Verwandelt sich in ein Zimmer.
Lenox und ein andrer Lord.
Lenox. Was ich sagte, war nur, euch auf die Spur zu bringen; ihr könnt nun selbst weiter gehen ich sage nur, die Sachen sind wunderlich gegangen. Der huldreiche Duncan wurde von Macbeth betraurt das denk' ich wohl, er war ja todt und der tapfre rechtschaffne Banquo reisete zu spät in der Nacht. Ihr könnt, wenn es euch so beliebt, auch sagen, Fleance hab' ihn umgebracht, denn Fleance nahm ja die Flucht: Man sollte eben nicht so spät in der Nacht reisen. Wo ist der Mensch, dem jemals der Gedank eingefallen wäre, daß Malcolm und Donalbain solche Ungeheuer seyn sollten, ihren so gütigen Vater zu ermorden? Eine verdammte That! Wie schmerzte sie nicht den ehrlichen Macbeth! Tödtete er nicht augenbliklich in frommer Wuth die beyden Thäter, die vom Wein und Schlaf überwältiget, zu Boden lagen? War das nicht edel von ihm gehandelt? Gewiß; und weislich dazu, denn wer hätte ohne Verdruß anhören können, wenn die Buben es geleugnet hätten? So daß er also, wie ich sagte, in der ganzen Sache sich sehr fein betragen hat; und ich zweifle nicht, hätte er Duncans Söhne unter seinem Schlüssel, (wie er sie, wenn uns der Himmel gnädig ist, nicht haben soll) sie sollten finden, was es auf sich hat, einen Vater zu ermorden; und so auch Fleance. Doch Stille! denn um etlicher freymüthiger Worte willen, und weil er bey des Tyrannen Gastmal nicht erschienen ist, fiel, wie ich höre, Macduff in Ungnade. Könnt ihr mir sagen, Sir, wo er sich dermalen aufhält?
Lord. Duncans Sohn, dessen angebohrnes Recht der Tyrann vorenthält, lebt am Englischen Hof, und empfängt von dem frommen Eduard so viele Freundschaft und Ehren-Bezeugungen, daß die Mißgunst des Glüks ihm nichts von seinem hohen Ansehen entwendet zu haben scheint.

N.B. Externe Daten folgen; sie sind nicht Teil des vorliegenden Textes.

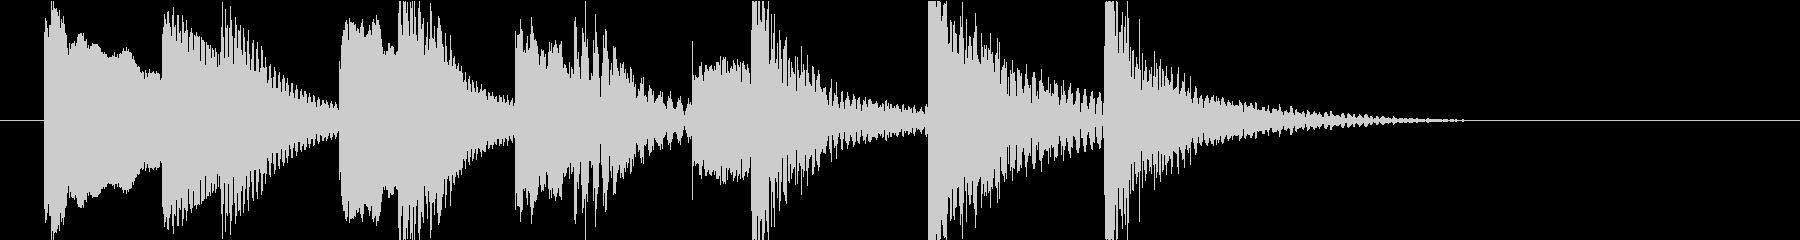 コミカルアイキャッチの未再生の波形

Dahin ist nun auch Macduff abgegangen, um den König zu bitten, daß er Northumberland und den tapfern Siward zu seinem Beystand weken möchte, damit wir, nächst dem, der über uns seinen allmächtigen Beyfall dazu geben wird, mit ihrer Hülfe unsern Tischen wieder Speise, und unsern Nächten Schlaf geben, mördrische Dolche von unsern Festen und Gastmählern entfernen, einem rechtmäßigen Herrn dienen, und ehrenvolle Belohnungen empfangen mögen. Die Nachricht von allem diesem hat den Tyrannen so erbittert, daß er schleunige Kriegs-Zurüstungen macht.
Lenox. Schikte er nach Macduff?
Lord. Ja, und mit einem unbedingten »Sir, ich nicht«, dreht mir der mißvergnügte Abgeschikte seinen Rüken und murmelt, als wollt' er sagen: ihr werdet euch die Stunde reuen lassen, da ihr mich mit dieser Antwort beladen zurükschiktet.
Lenox. Er mag sich das zu einer Erinnerung dienen lassen, sich so weit zu entfernen, als er immer kan. Irgend ein heiliger Engel fliege nach Englands Hof, und entfalte sein Anbringen eh er kommt; damit schleunige Rettung diesem unserm leidenden Vaterland zu Hülf eile, dem eine verfluchte Hand Verderben droht.
Lord. Ich will ihm mein Gebet nachsenden.